Web App and API Degraded Performance
Incident Report for Intercom
Postmortem

Serena Fritsch, Senior Product Engineer

Issue Summary

Intercom uses MySQL as its default datastore, running on AWS’s RDS Aurora service. We are running a mix of multi-tenant database clusters, as well as sharded database clusters for high scale. The sharded database clusters contain a subset of our customers data in dedicated databases. For high availability, all the database clusters are deployed in multiple availability zones in AWS.

At approximately 11:49 UTC on the 7th of November, we initiated a manual query against one of the sharded databases. Our aim was to determine the size of all tables within that database as part of a capacity planning exercise. We needed to establish the amount of data stored in the cluster from temporary tables. These temporary tables were created by our database schema migration process. This query was run not directly on the database itself, but by connecting to the database from our production console.

This query caused the free memory of the cluster to drop significantly.  At 11:50 UTC, AWS, our cloud provider, initiated  an automated failover to an instance of the cluster in a different availability zone. The failover terminated the query. At the same time, latency started rising across our Ruby on Rails application.
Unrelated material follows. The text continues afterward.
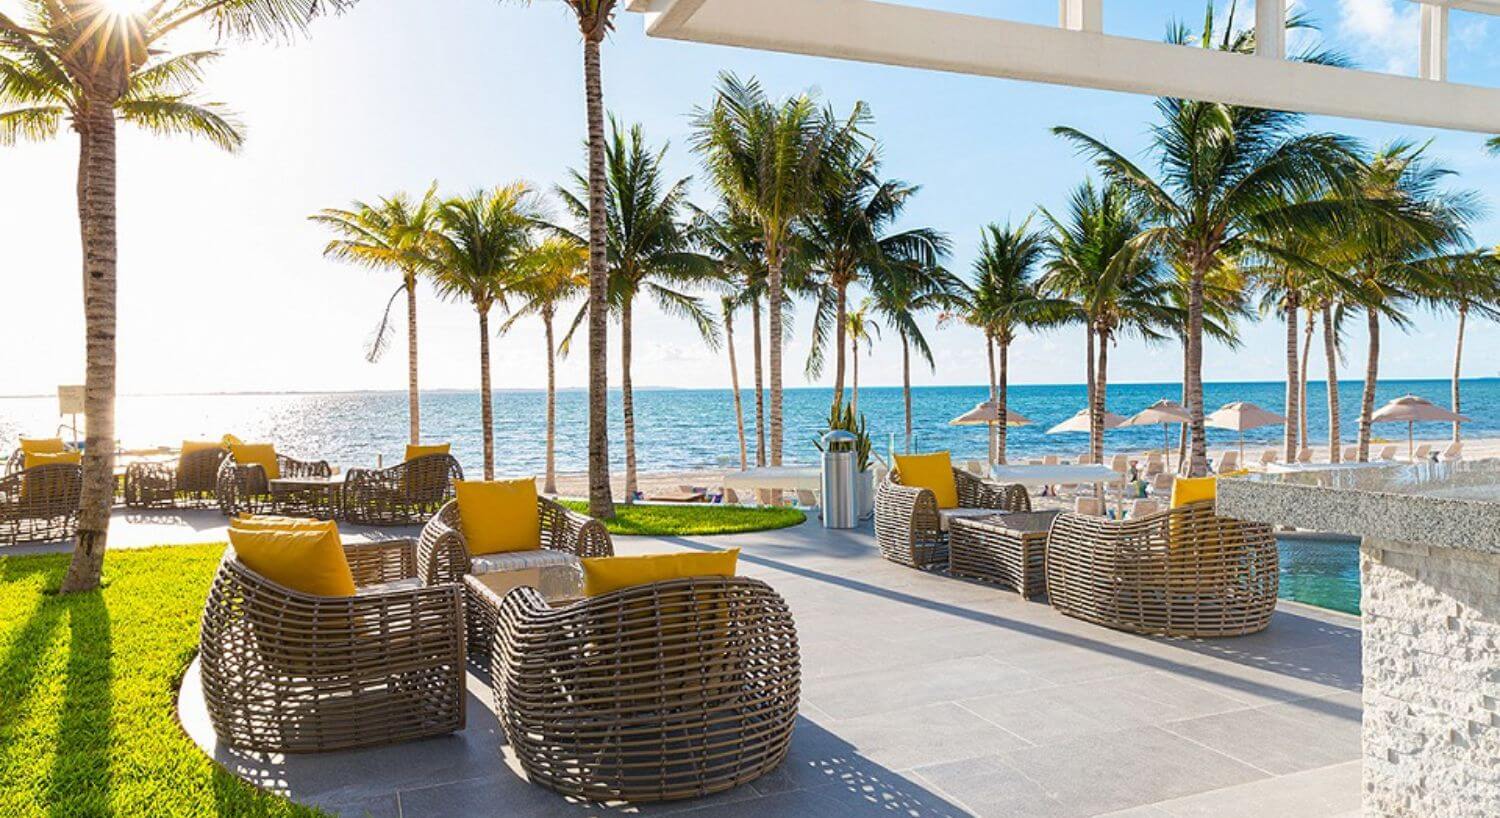 GB-Cancun-Resort-4-1500x818

At 11:54 UTC the first paging alarm fired, denoting a degradation in the availability. Our on-call engineers acknowledged the alarm, and by 11:57 UTC had established that the problem was related to the failover of the particular cluster. We updated the status page at 11:59 UTC. 

The fail-over itself was completed at 11:54 UTC, and all database instances restarted at 11:55 UTC. By that time, the Intercom app was working normally again for the majority of Intercom customers. 
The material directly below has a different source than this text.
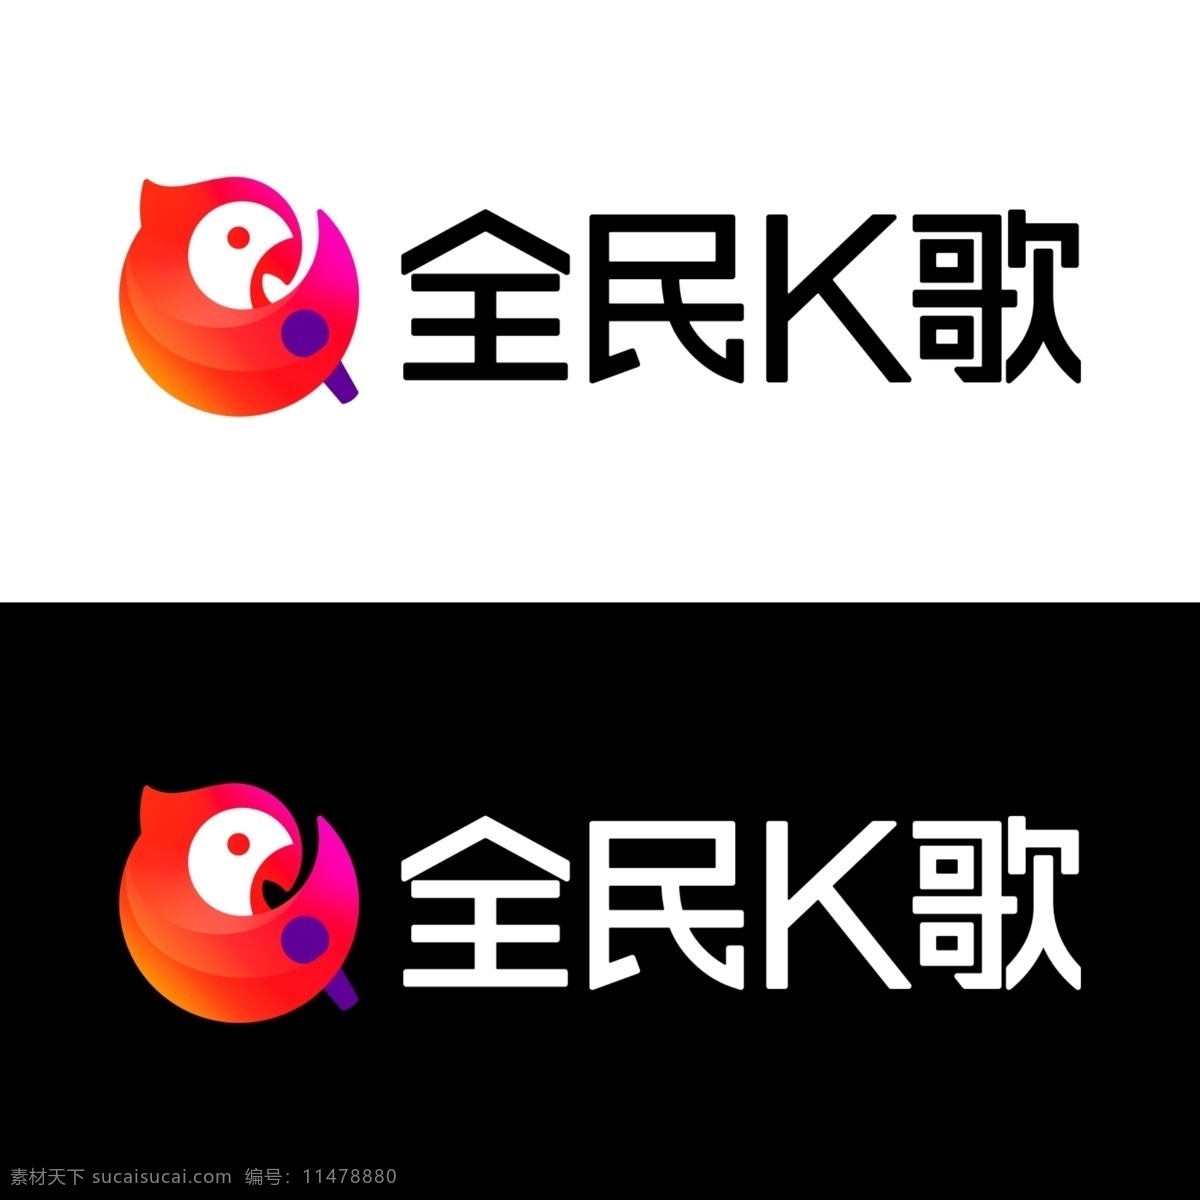 全民 k 歌 logo 全民k歌 k歌 单位 logo设计

However, the Intercom app was still serving errors to customers with data on the cluster that had just rebooted. A deployment of our Rails application completed at 11:56 UTC, which re-established the connections evenly to the instances in the affected cluster. All customer impact was resolved.

Evaluation

What went right

  • We updated the status page quickly.
  • Our detection and general operational response was fast. We had the right people involved within minutes, and narrowed down the problem quickly.
  • Our systems recovered from the database failover without manual intervention.

What could be better

  • We did not realize that the query was dangerous and could result in query performance degradation and ultimately a failover.
  • Our long tail recovery process is dependent on redeploying the Ruby on Rails application to reestablish connections.
  • Our schema migration process is complex and resource heavy. The reason we performed the query in question was to determine how much additional disk space was used by unused temporary migration tables.

Actions

  1. We are no longer running queries like that and using other methods for the capacity planning exercise.
  2. We are looking into mechanisms to remove the need for a manual redeployment of the application after this type of event.
Posted Nov 08, 2023 - 17:05 UTC

Resolved
Between 11:50 UTC and 11:56 UTC the Web App, Messenger, and API saw Degraded Performance. The incident has been fully resolved.
Posted Nov 07, 2023 - 12:13 UTC
Investigating
We are investigating reports of degraded performance and high latency across our web app and APIs.
Posted Nov 07, 2023 - 11:59 UTC
This incident affected: Intercom message delivery (Email, Chats and Posts, Mobile Push, Admin notifications), Intercom Messenger (Web Messenger, Mobile Messenger), Intercom Europe (Intercom Web Application, Intercom Web Messenger, Intercom Mobile Messenger, Intercom APIs, Intercom Webhooks), Intercom Australia (Intercom Web Application, Intercom Web Messenger, Intercom Mobile Messenger, Intercom APIs, Intercom Webhooks), and Intercom Web Application, Intercom APIs, Intercom Mobile APIs, Intercom Webhooks.